The catalog was produced by the Gaia Data Processing and Analysis Consortium (DPAC) involving hundreds of scientists from institutions including European Space Astronomy Centre, Institute of Astronomy, Cambridge, University of Barcelona, University of Milan, and University of Helsinki. Processing chains incorporated attitude modelling, instrument calibration, and global iterative solutions implemented with software contributions from Toulouse, Torino Observatory, Institut de Ciències del Cosmos, and Royal Observatory of Belgium. The five-parameter astrometric solution used reference frames tied to the International Celestial Reference Frame realized by Very Long Baseline Interferometry teams and compared against catalogs from Hipparcos, Tycho-2, and studies by Perryman collaborators.

Validation and Systematics

Validation exercises led by consortia at Leiden Observatory, Observatoire de Paris-Meudon, University of Edinburgh, and Institute of Astronomy, Cambridge revealed systematic effects including a global parallax zero-point offset, magnitude- and color-dependent errors, and spatially correlated systematics studied in comparison with Hubble Space Telescope parallaxes, VLBI measurements, and ground-based radial velocity surveys like RAVE and GALAH. Teams from Max Planck Institute for Astronomy and University of Groningen characterized scanning-law related artefacts, while groups at Instituto de Astrofísica de Andalucía and University of Barcelona examined crowding effects in dense regions such as Galactic Center, Large Magellanic Cloud, and Orion Nebula.

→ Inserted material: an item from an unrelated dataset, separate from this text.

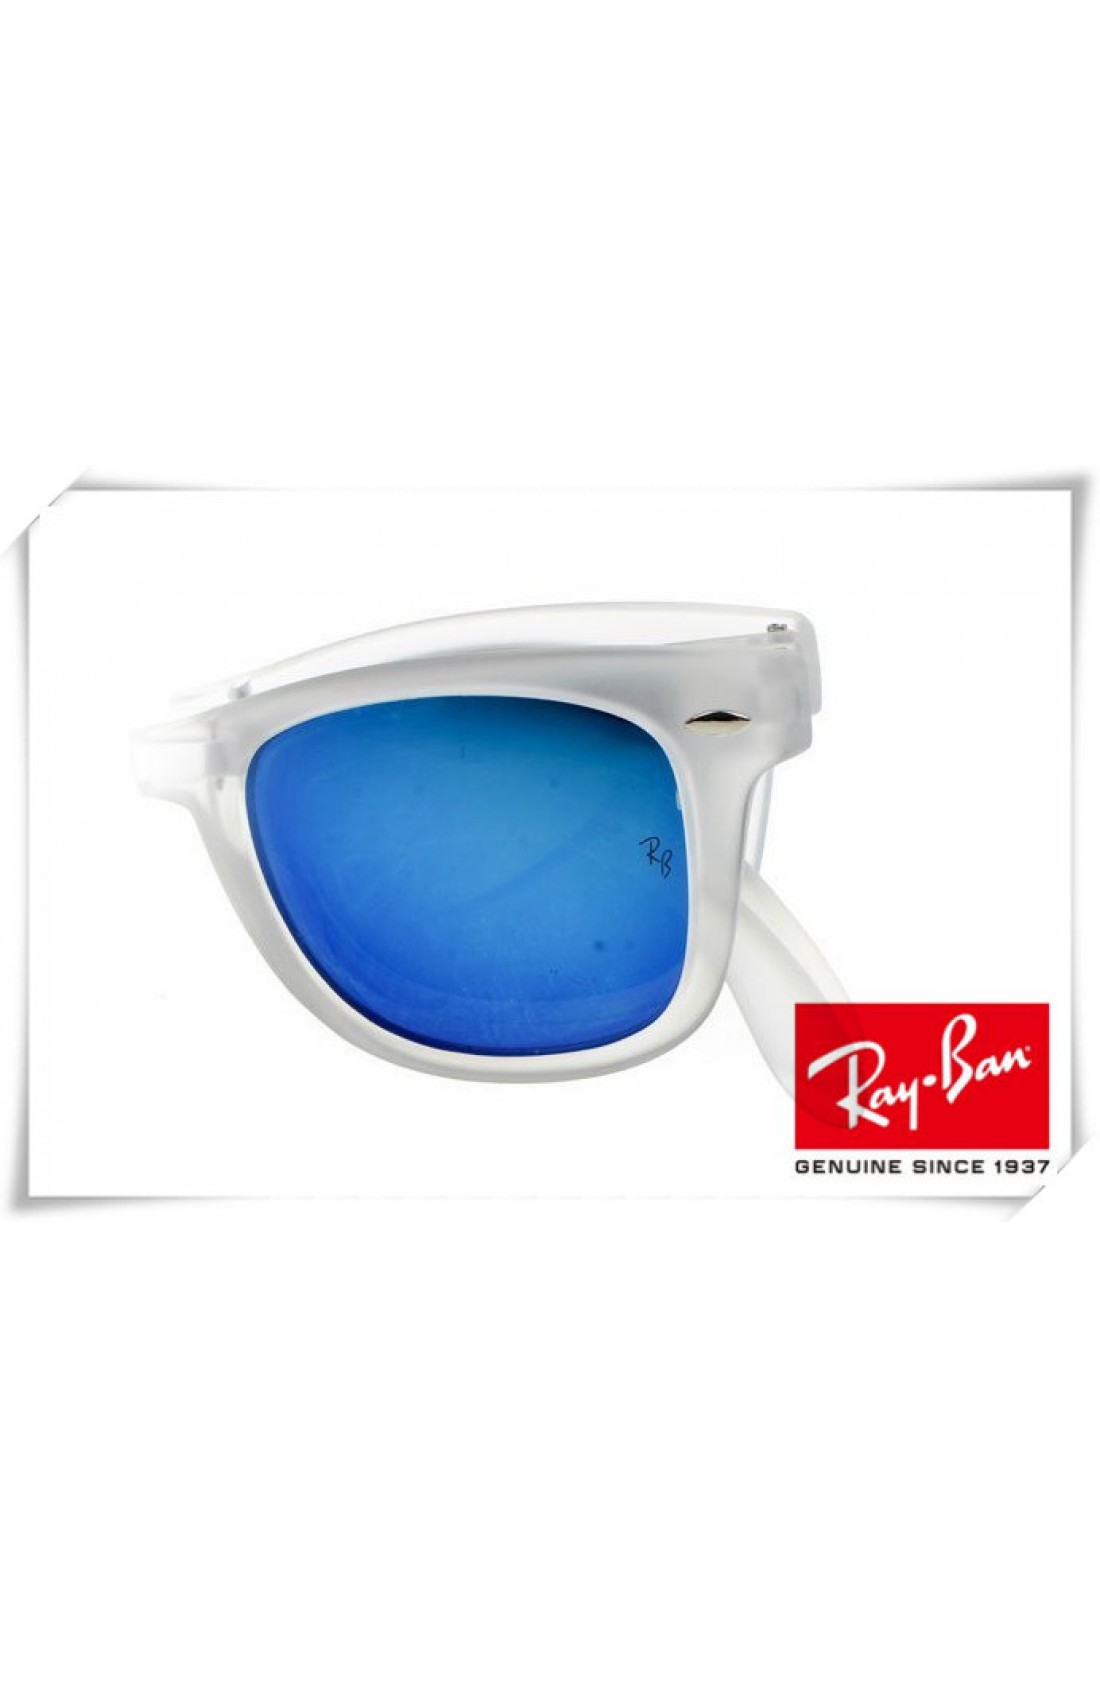 wayfarer sunglasses blue lens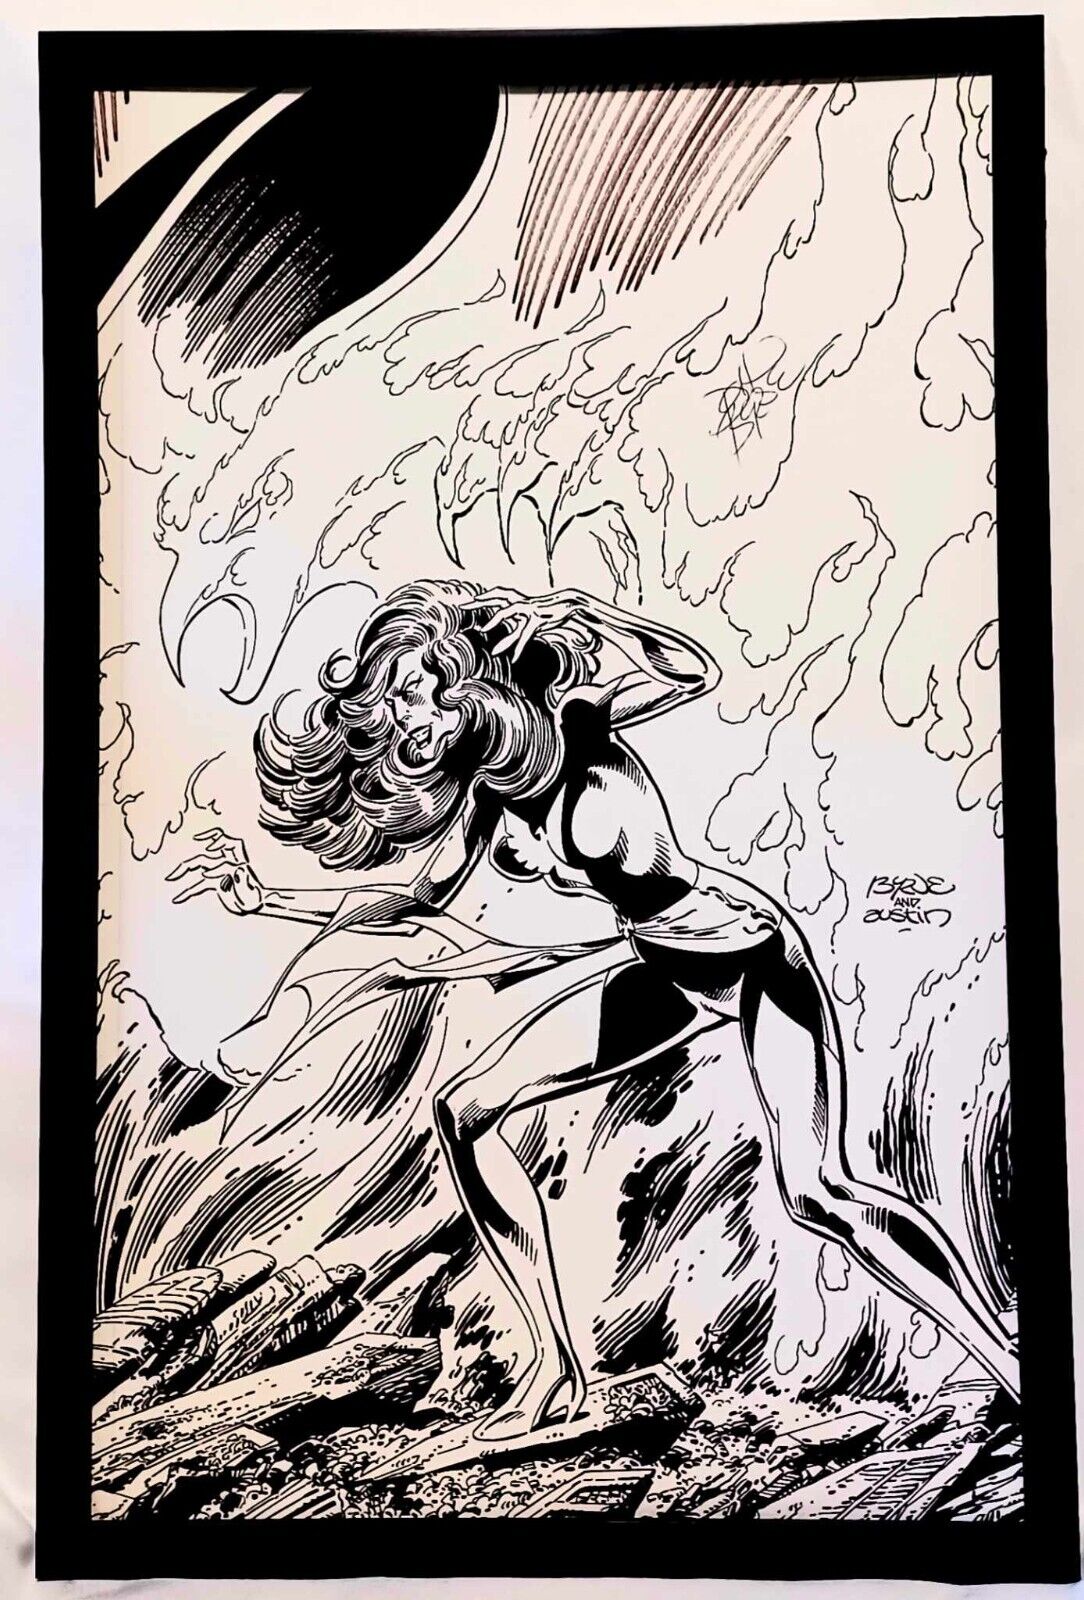 Phoenix the Untold Story #1 by John Byrne 11x17 Art Poster Print Marvel Comics

Scientific Results and Applications

Gaia DR2 enabled transformative results: detailed mapping of the Milky Way disk kinematics and non-axisymmetric structures, discovery of new open clusters and star clusters by research groups at Cambridge University, University of Edinburgh, and University of Vienna, constraints on the initial mass function and stellar evolution from comparisons with PARSEC and MIST isochrones, improved distance scales for Cepheid variables and RR Lyrae, and refined dynamics of streams and merger remnants including the Gaia Sausage identified by teams at Université de Strasbourg and Observatoire de Paris. Studies at Columbia University, University of Oxford, University of Chicago, Princeton University, and Yale University used DR2 for exoplanet host characterization, while groups at European Southern Observatory and National Astronomical Observatory of Japan combined DR2 with spectroscopic surveys like APOGEE and LAMOST.

Limitations and Known Issues

DR2 carried known limitations documented by DPAC: systematic parallax zero-point offsets (~−0.03 mas on average), underestimated uncertainties for faint sources, completeness limits at G~20–21 influenced by the scanning law, BP/RP photometric systematics in crowded regions, and radial velocity limits for hot stars and binaries; these issues were studied by scientists at Instituto de Astrofísica de Canarias, Leiden University, Max Planck Institute for Astronomy, and University of Cambridge. Cross-matches with datasets from Hipparcos, HST, VLT, and Keck Observatory helped quantify biases, while methodological papers from University of Milan and Institut d'Astrophysique de Paris provided correction strategies adopted by many survey teams.

Legacy and Subsequent Releases

Gaia DR2 set the stage for subsequent releases including the intermediate Gaia Early Data Release 3 and the full Gaia Data Release 3 produced by DPAC, inspiring collaborations among institutions like ESA, European Southern Observatory, Max Planck Society, Institute of Astronomy, Cambridge, and national observatories. Its legacy influences missions and surveys such as James Webb Space Telescope, LSST, Euclid, WFIRST/Nancy Grace Roman Space Telescope, and ground facilities including Vera C. Rubin Observatory, driving methodological advances at Gaia Data Processing and Analysis Consortium nodes and shaping the research programs of universities and institutes worldwide.